• [WHAT THE EXERCISE ASKS] Restate, word for word, the run of lines that starts at the line containing "Whelen Cencom Sapphire Wiring Diagram" and ends with the final line of the listing. Leave pictures out.

START DATA PROVIDED

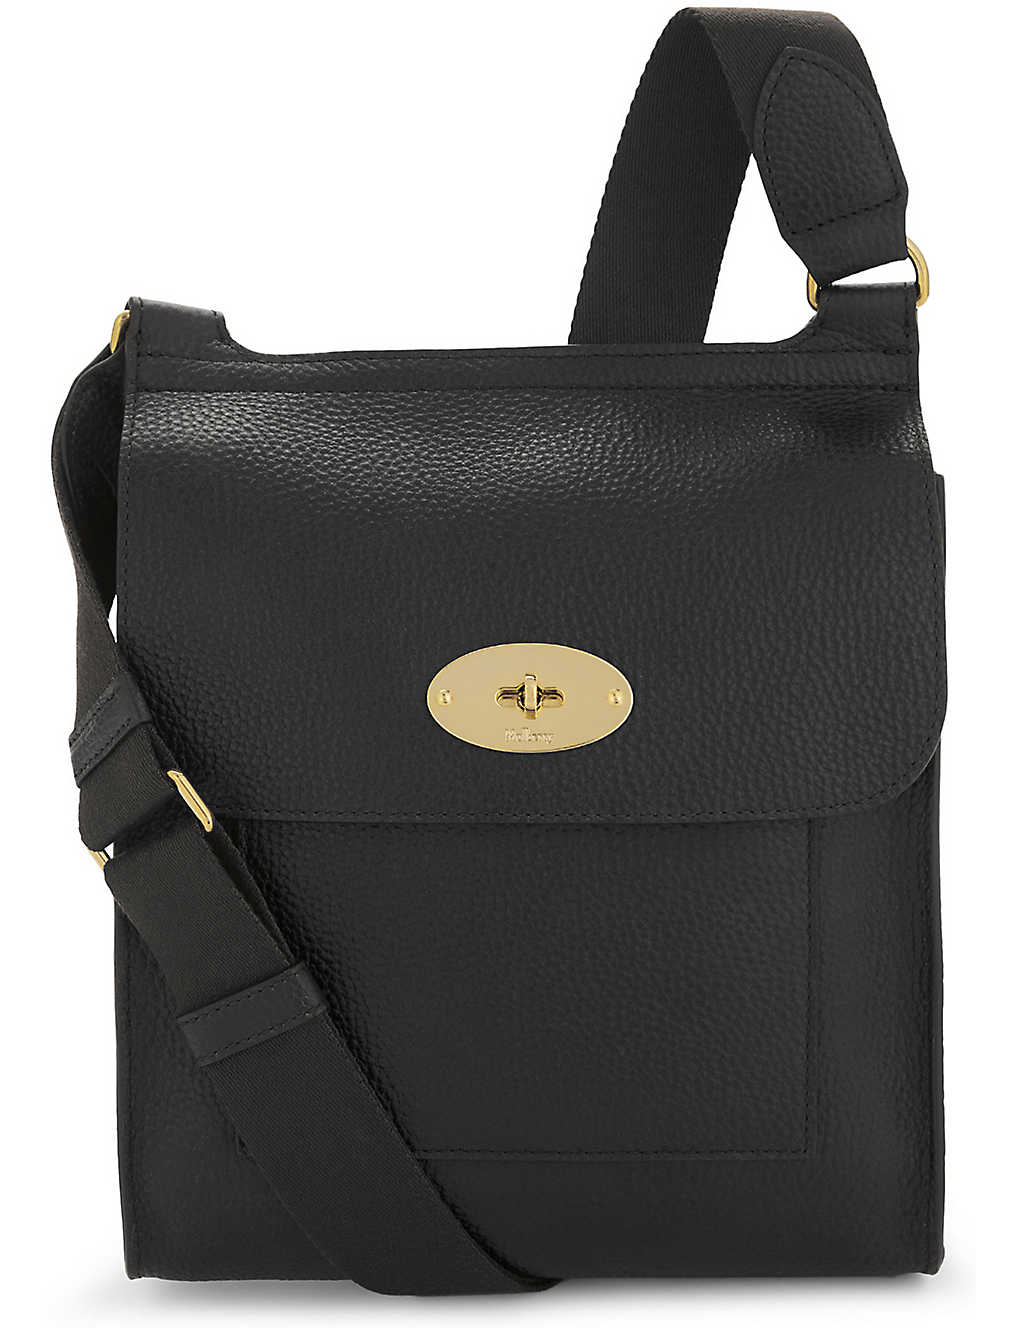 512e6f2f39a MULBERRY - Antony grained leather cross-body bag   Selfridges.com
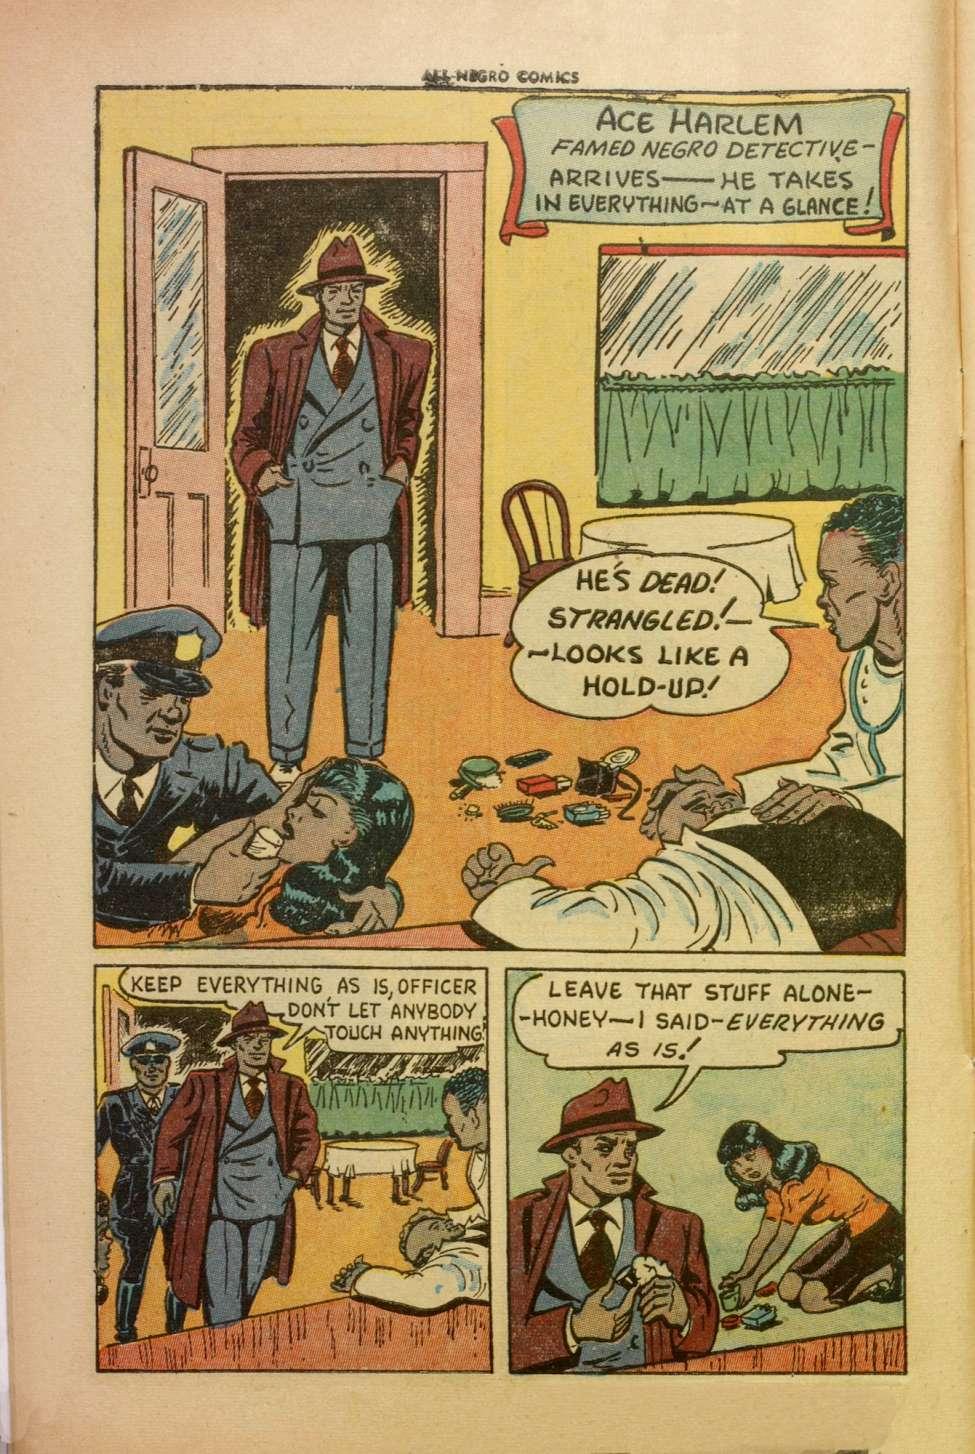 Comic Book Cover For All-Negro Comics #1
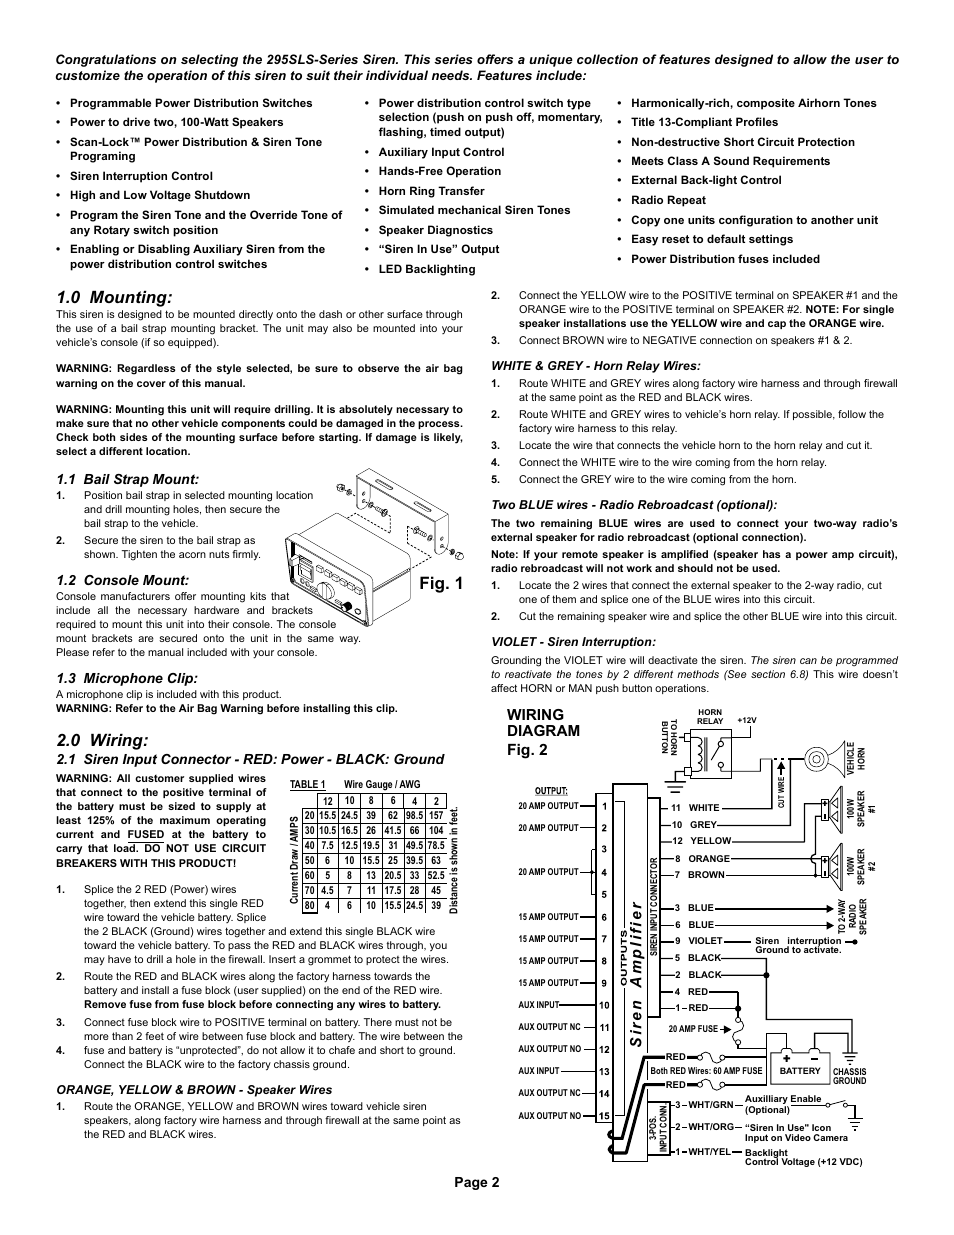 Whelen Cencom Sapphire Wiring Diagram
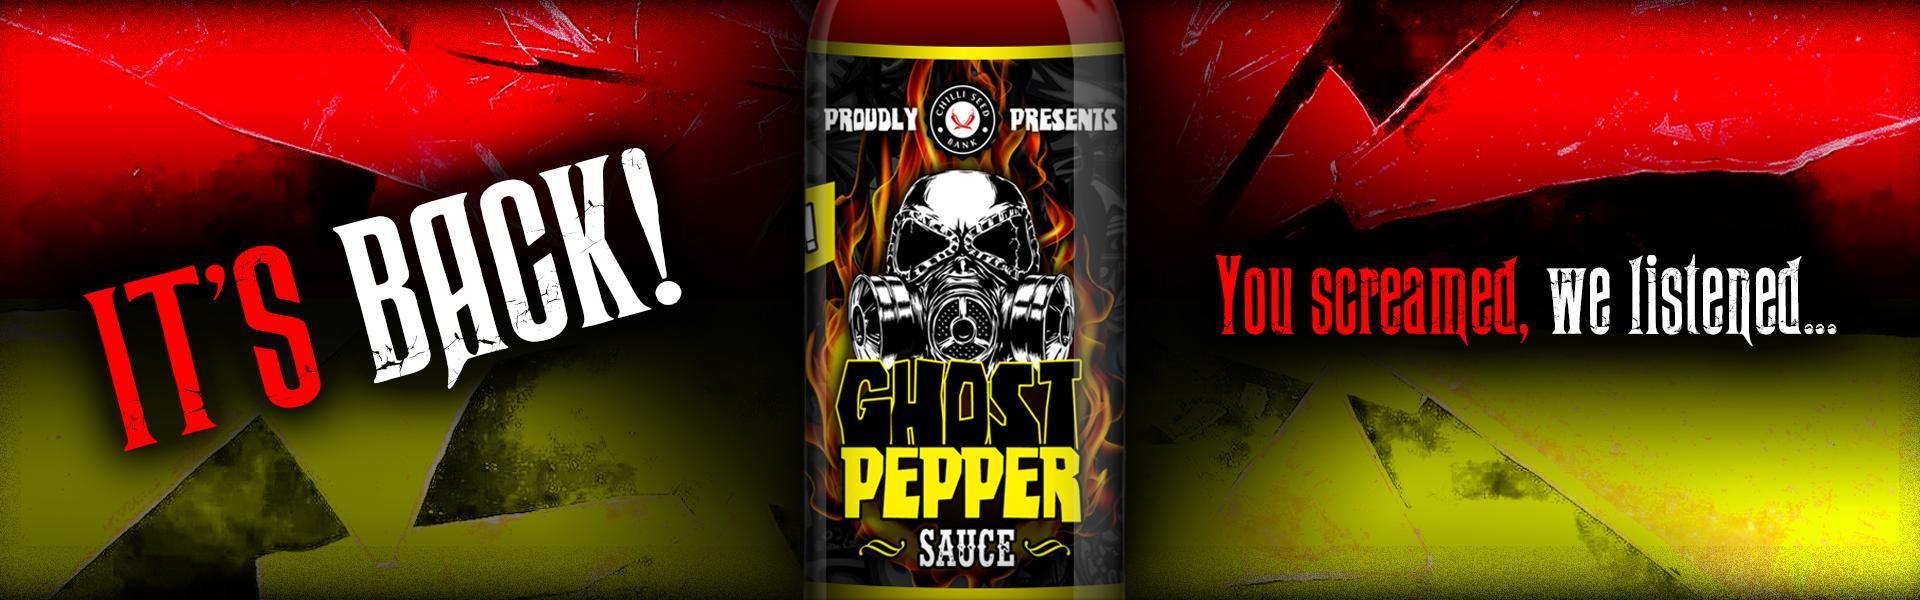 Buy Ghost Pepper Sauce
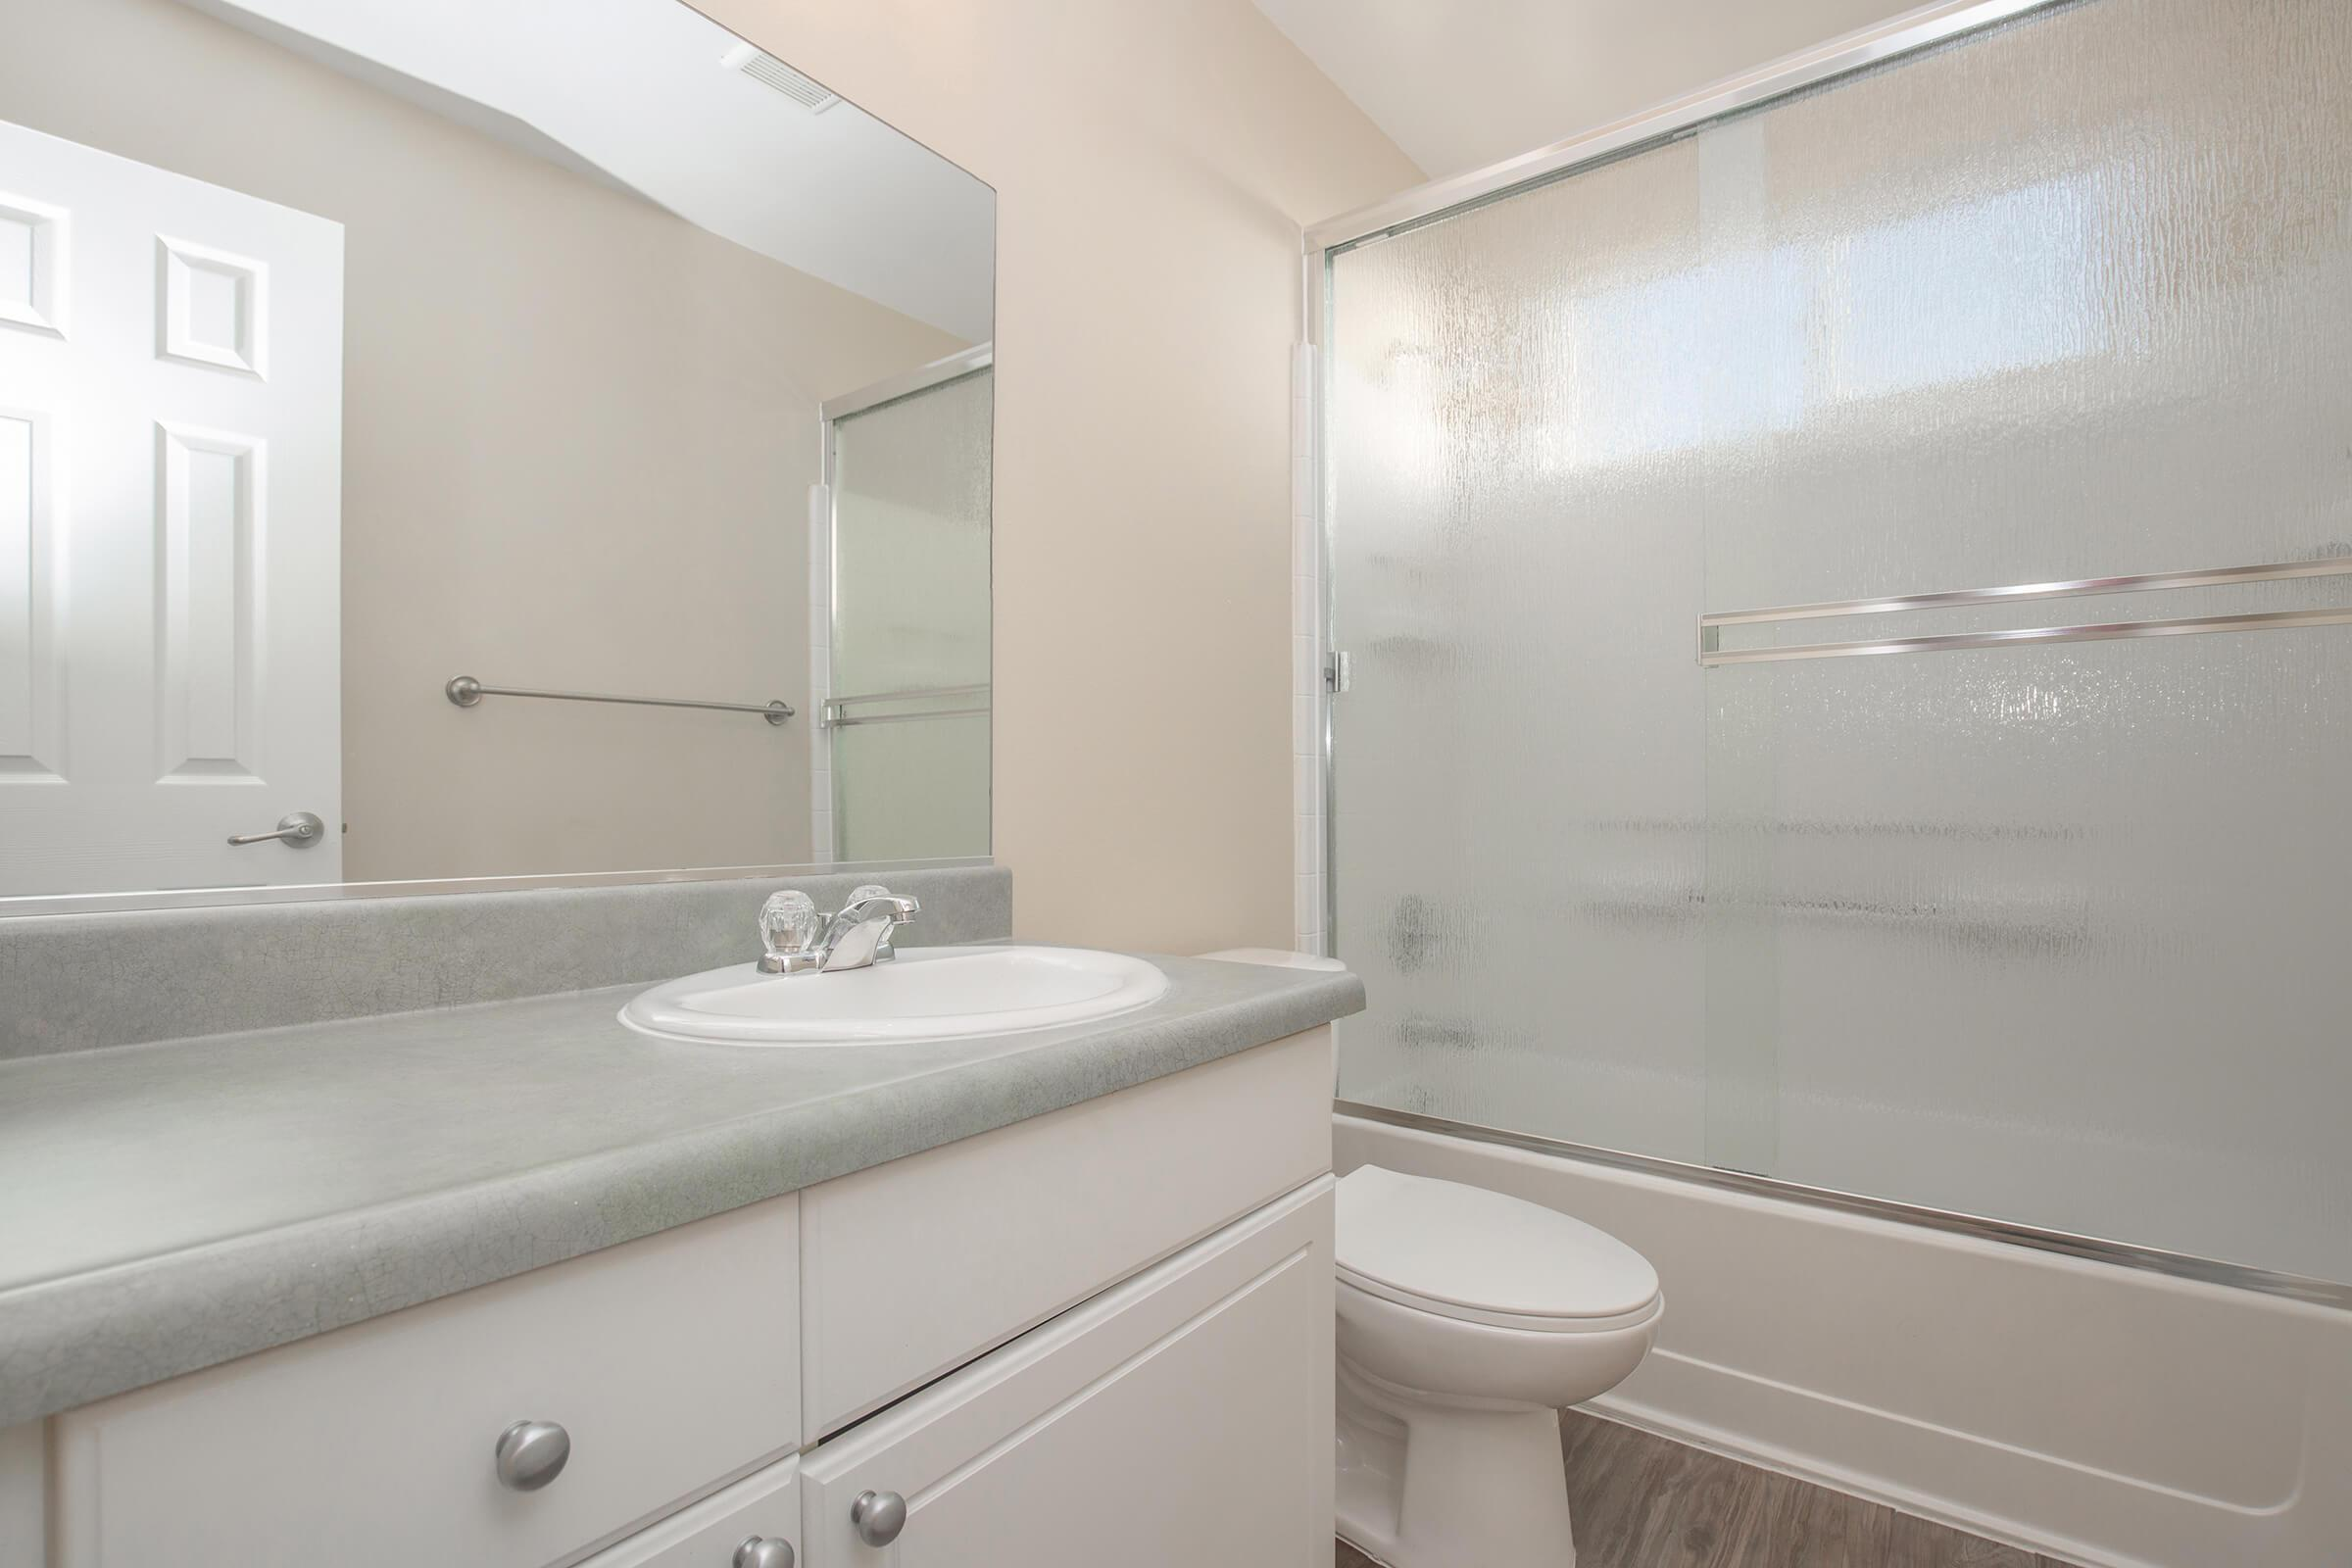 Bathroom with glass sliding doors
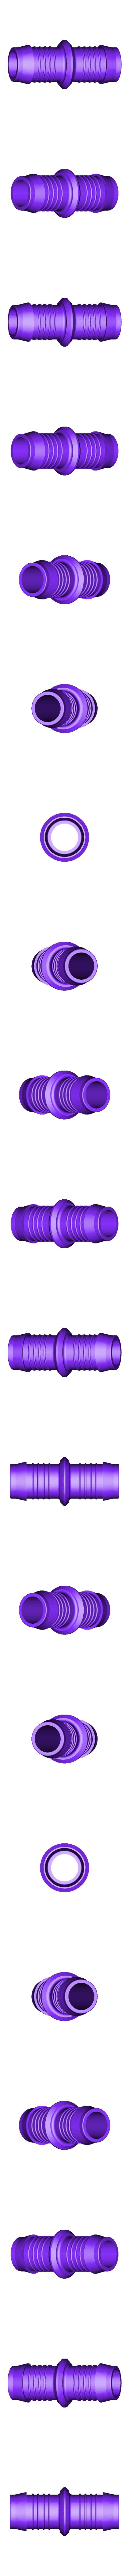 Connecteur Gardena 20mm.stl Download free STL file Connector for Gardena 20mm pipes • 3D print design, PHIL-IP

END DATA PROVIDED

• [TASK RESULT]
 Whelen Cencom Sapphire Wiring Diagram
 Buy Ghost Pepper Sauce
 Bathroom with glass sliding doors
 Connecteur Gardena 20mm.stl Download free STL file Connector for Gardena 20mm pipes • 3D print design, PHIL-IP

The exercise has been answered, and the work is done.